Table 10 Summary of the systems’ performance in WER (%)

Based on Table 10 and Fig. 2, it is important to highlight the impact of speech data size on the overall performance of TAMEEM V1.0 recognizer (4th Phase) and all previous recognizers of 1st Phase through 3rd Phase. It is found that the more speech data size is used to train the recognizer, the lower the WER and the better the performance. This is logical and in line with the fact that the training data size is considered as the major contributor to lower WERs.

Fig. 2
figure 2

Impact of speech data size on the overall performance in WERs (%)

6 Conclusions

In conclusion, this research work has found that the modified systems perform better than the default systems using standard and default CMU Sphinx 3 setup. Therefore, it is advisable to try different combinations of parameters in order to identify the best combination that is more suitable to the data used in order to obtain better performance.
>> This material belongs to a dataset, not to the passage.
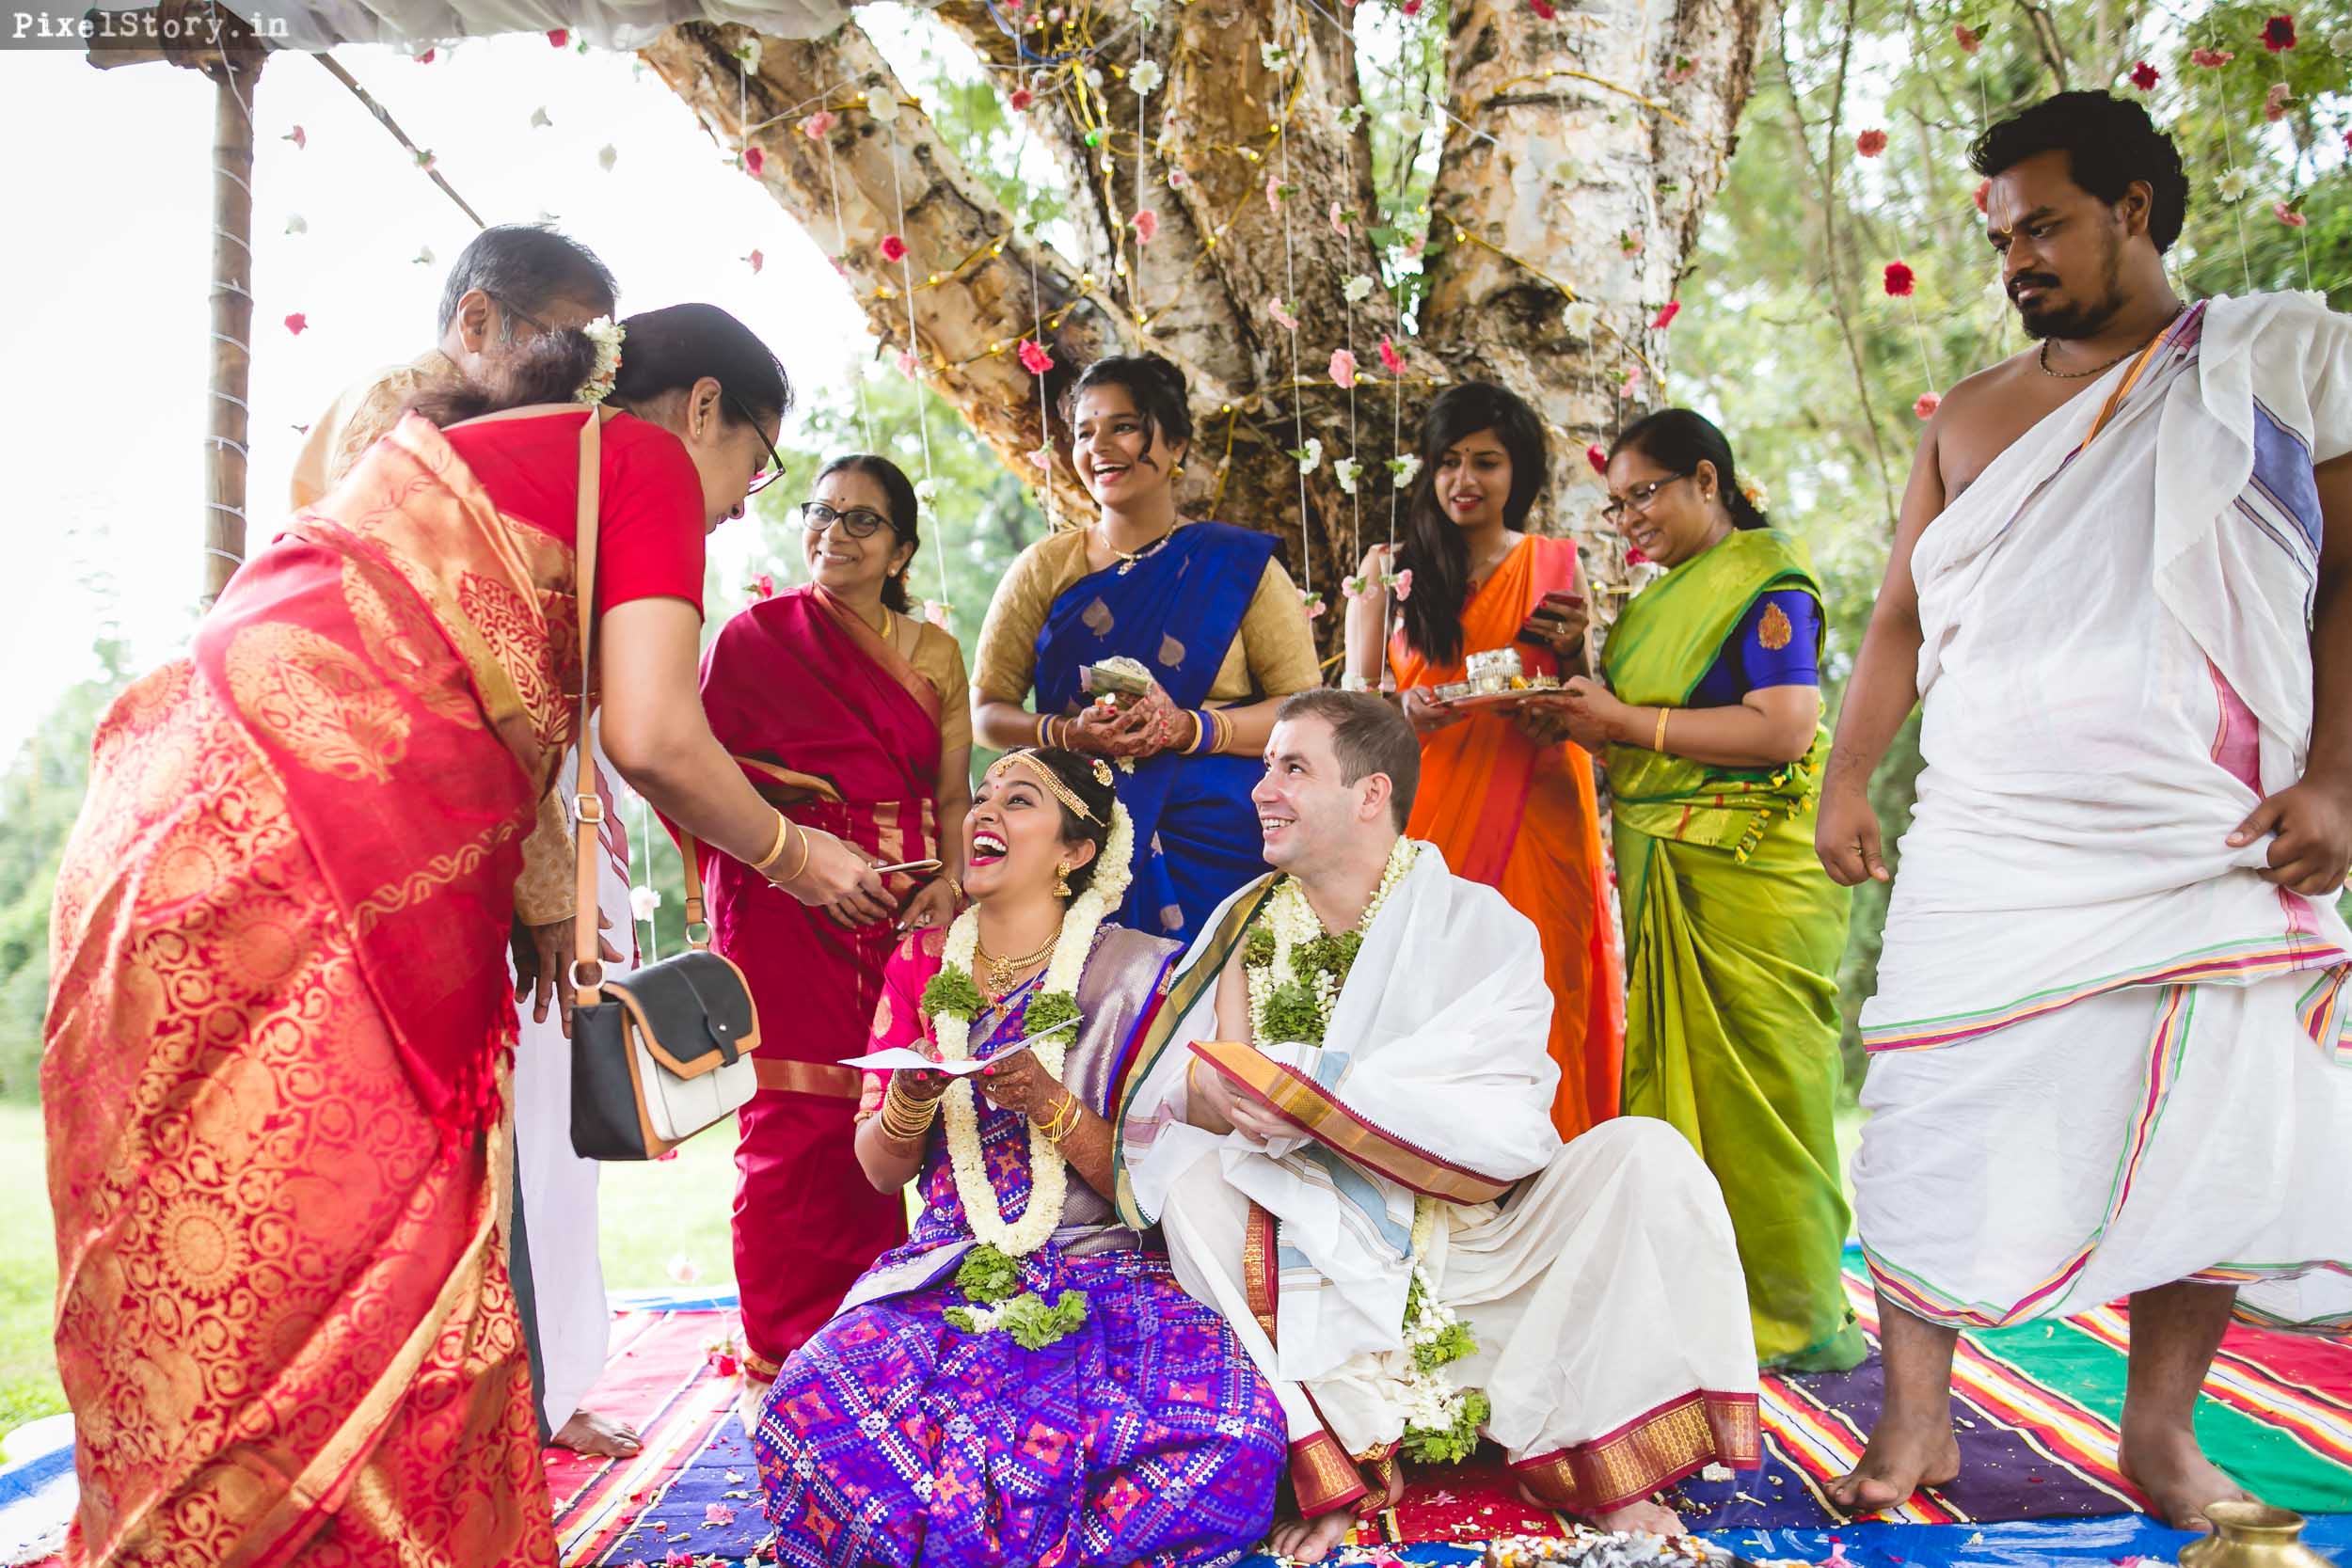 PixelStory-Jungle-Wedding-Photographer-Masinagudi-Indo-French081.jpg

Speaker independence and text independence are highly achieved and witnessed in this research work. If we refer to Table 9, we can see that for the same speakers with different sentences (speakers dependent with text independent), the systems obtain an average WER of 7.64%, whereas for different speakers with different sentences (speakers independent with text independent) they obtain an average WER of 7.82%. This is important due to the fact that ASR systems must adhere to the differences between speakers. Obviously not all potential users can be used in training, therefore, the systems must be able to adapt to users who are not being used in training the systems. In this research work, as more data to train the systems is added, it is realized that the systems become more speakers and text independent, and they could perform similar to those speakers used in training the systems.

During this research work using about 39.28 h of training speech data, the acoustic model is based on 64 Gaussian mixture distributions and the state distributions are tied to 350 senones. Using three different data sets, this work obtains 7.64% average WER for the same speakers with different sentences (speakers dependent with text independent). For different speakers with same sentences (speakers independent with text dependent), this work obtains 2.22% average WER, whereas for different speakers with different sentences (speakers independent with text independent) this work obtains 7.82% average WER.

It is important to highlight that the phonetically rich and balanced MSA speech corpus is able to have positive impact on the performance of TAMEEM V1.0 speaker independent, text independent, large vocabulary, automatic, and continuous speech recognizer for Arabic language. This is due to its uniqueness compared to other speech corpora such as broadcast news corpora, since participating speakers have fair distribution of age and gender, vary in terms of educational backgrounds, belong to various native Arabic speaking countries, and belong to the three major regions where Arabic native speakers are situated. This speech corpus can be used for Arabic speech-based applications including speaker recognition and text-to-speech synthesis, covering different research needs. Throughout this research work, the size of training data is noticed to play a crucial role in achieving better performance for TAMEEM V1.0 recognizer.

Finally, this paper reported the research work towards developing TAMEEM V1.0 recognize, which is a high performance Arabic speaker independent, text independent, large vocabulary, automatic, and continuous speech recognition system based on an in-house developed phonetically rich and balanced MSA speech corpus. Experimental results were also reported in detail showing that the developed TAMEEM V1.0 recognizer is truly speakers and text independent, and is highly comparable and better than many reported Arabic ASR research efforts as investigated in the literature review.